真っ白な筐体の側面に大きく「NFT」の3文字が書かれたこの自販機は、アーティスト・松田将英によるインスタレーション《ルナティックパンドラ》だ。松田は匿名のアーティストとして活動を開始し、2019年から実名に転換。昨今では夜間限定の展覧会「生態系へのジャックイン展」の一部として屋外彫刻作品《Ripples》を発表するなど、話題を集めている。
松田は自身初のNFTプロジェクト《THE LAUGHING MAN》を今年3月に有楽町で行われたNFTアートフェア「Meta
Fair #01」で発表。この作品は、オンラインコミュニケーションでもっとも多様される絵文字のひとつである「泣き笑い
(Tears of Joy)」をモチーフに、J.D.サリンジャーの短編や『攻殻機動隊』で知られる「笑い男
(Laughing Man)」の名を冠した作品シリーズだ。
今回の自販機では、銀の封筒に包まれた《THE LAUGHING MAN》の会員カー ド、NFCタグ(初回限定版のみアクリルキューブ)、6月に行われる会員限定の展覧会「Magic Number」のチケットを販売。指定フォームに会員番号とウォレットアドレスを送信すると、NFTが配布されるという仕組みとなっている。

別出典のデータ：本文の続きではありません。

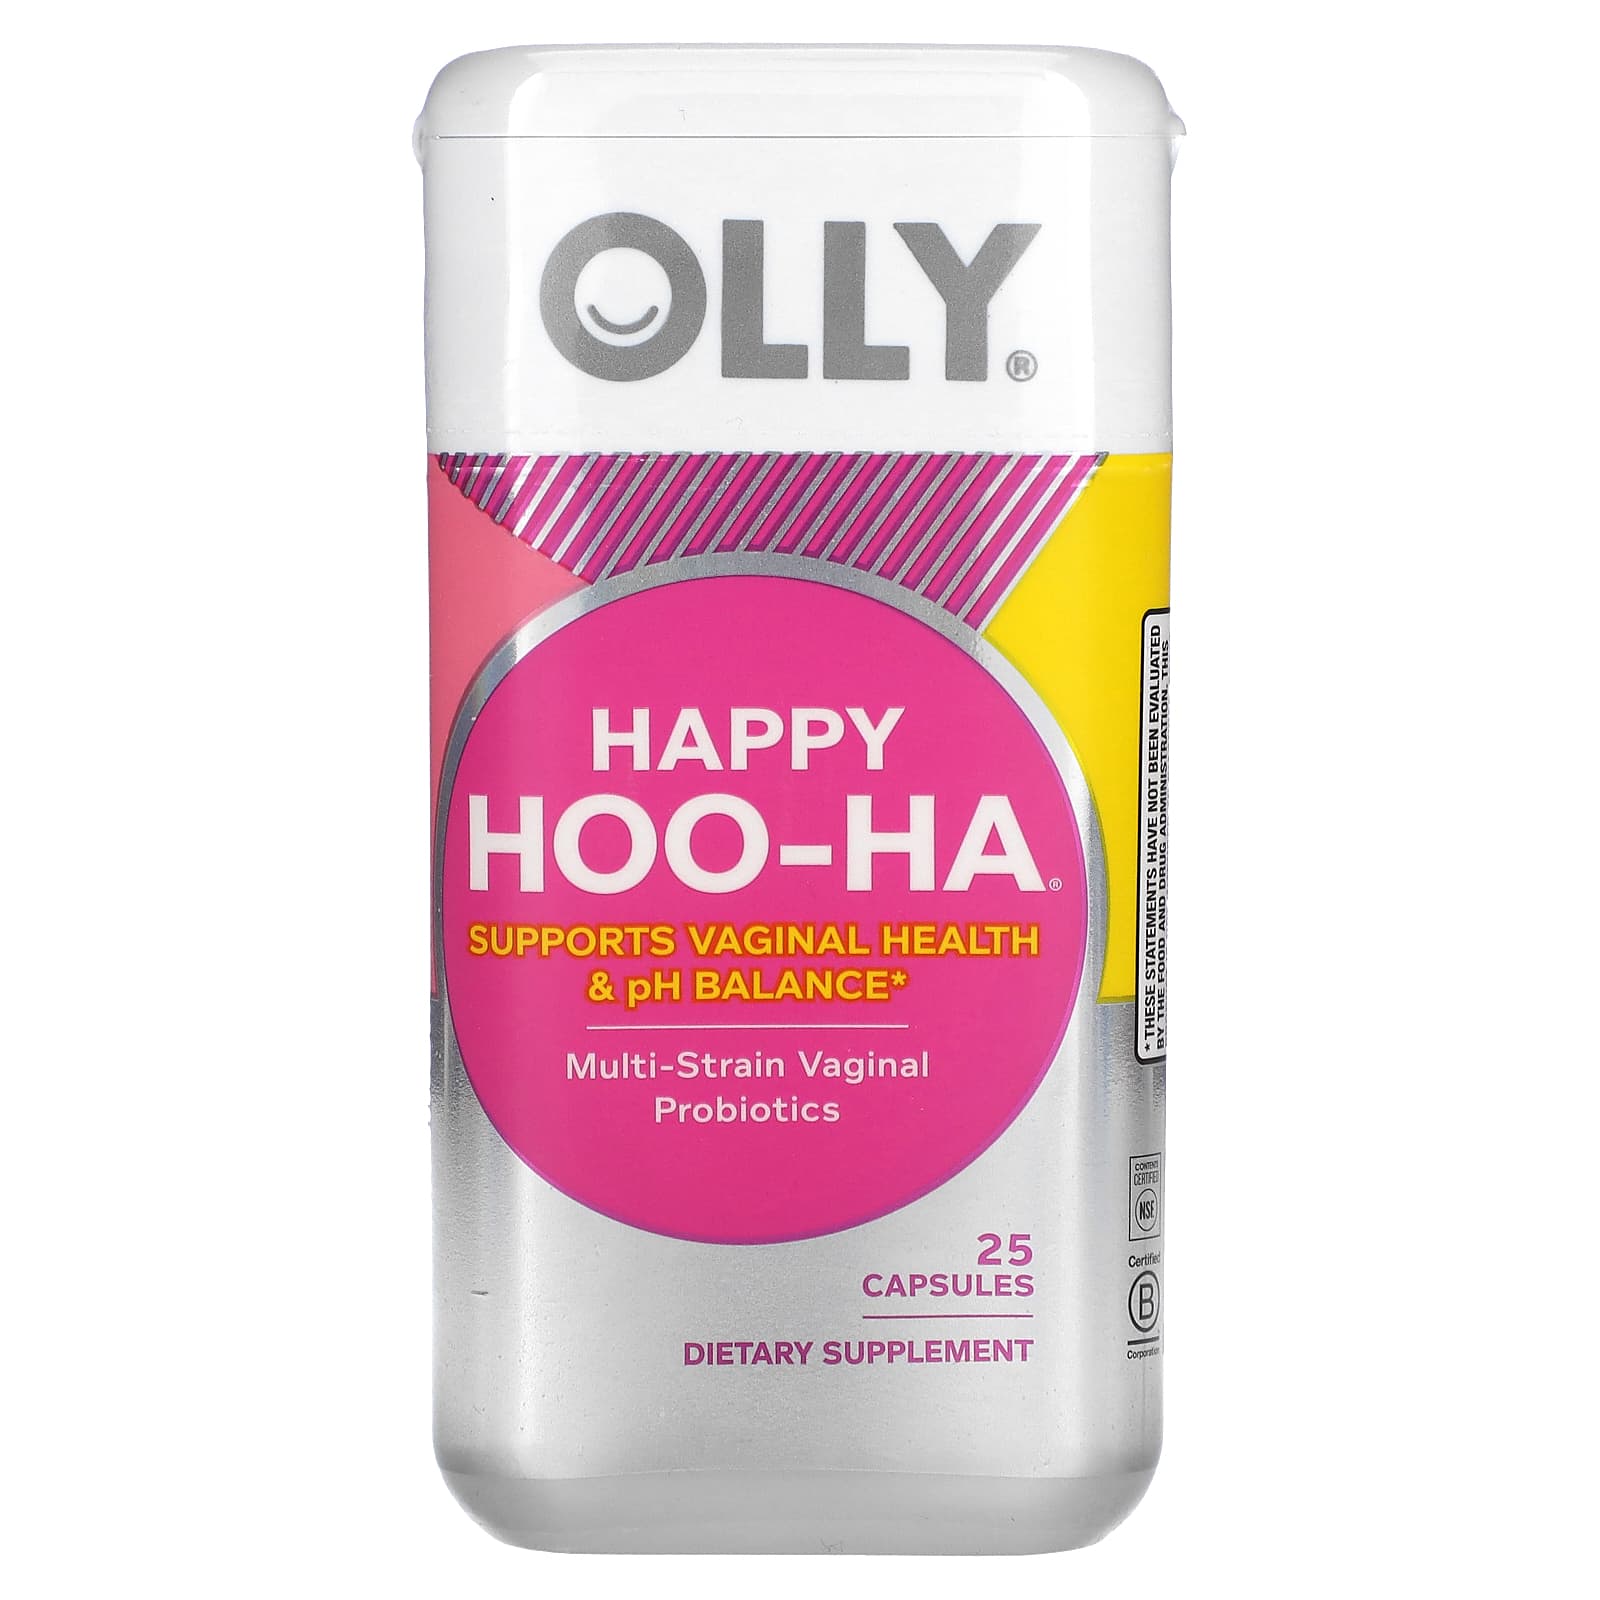 Olly Happy Hoo-Ha | What menopause symptoms

松田はこの前代未聞の試みについて、「ニューヨークで発表されたNeonの自動販売機の事例を参考に、NFTに興味のない人やウォレットを所持していない人でも参加できるよう設計した。より多くの人にNFTやWeb3の思想を体験してもらいたい」と語っている。価格は1000円。アナログな自販機でNFTへとつながる体験をしてみてはいかがだろうか。